What are the popular Java technologies in the MUFIX community?
- I can tell you with confidence that web technologies are dominant here, although we also develop with desktop technologies in our curriculum. Anyway, Struts, Hibernate, and Spring are very popular. And a few are interested in JSF and Wicket.
Is the community supported by the university or something else (such as companies)?
- Our community is supported by our faculty only.
What are some of the highlights of what MUFIX has done?
- In August 2006, we hosted the Student Summer Training at HI-Q academy, in Tanta near Cairo. In September 2007, we participated in the Egyptian Engineering Day and won the Best Project award in IEEE-EED 2007 in the Computer Science Field for the "WatchDog" project. We also won the Innovative Project in IEEE-EED 2007, by Ericsson Company for "Idrisian Navigation System”.
- In December 2008, we hosted “Fedora day” in Menoufiya. This was sponsored by the Fedora project.
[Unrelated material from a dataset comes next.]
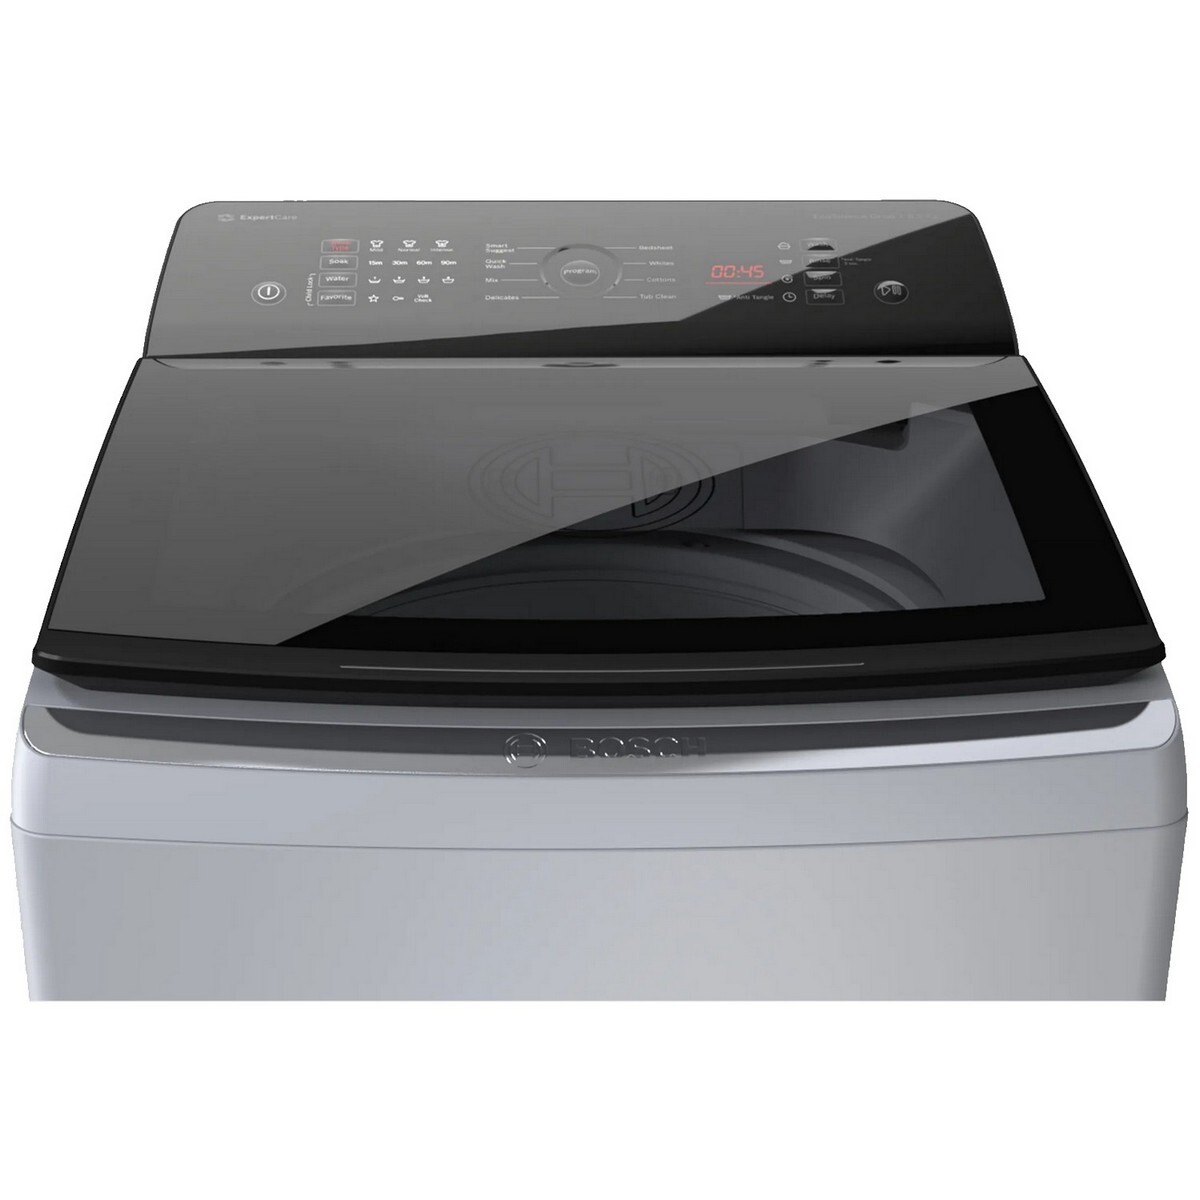 Bosch Fully Automatic Top Load Washing Machine WOE802S7IN 8Kg

For details, check https://fedoraproject.org/wiki/FedoraEvents/FD2008InMUFIC. We also hosted “Desktop and Web Development with NetBeans IDE”. For details, check http://www.netbeans.org/servlets/NewsItemView?newsItemID=1326. Also, you can find more details here!
How has the response been to these activities?
- Students are very happy with the MUFIX sessions and they feel the difference made by MUFIX in our university. They attend MUFIX weekly sessions because they believe that they can acquire knowledge beyond their studies: they can attain practical experience about the latest technologies outside the classroom too!
- Yes, more and more students join us each year.
- And they appreciate our efforts a lot!
What are some events you are planning in the future?
- More technical and soft skills sessions. We really want to guide students into the open source world. For example, we want to help them to use Linux and get involved with other communities, as well as to get sponsors for their projects!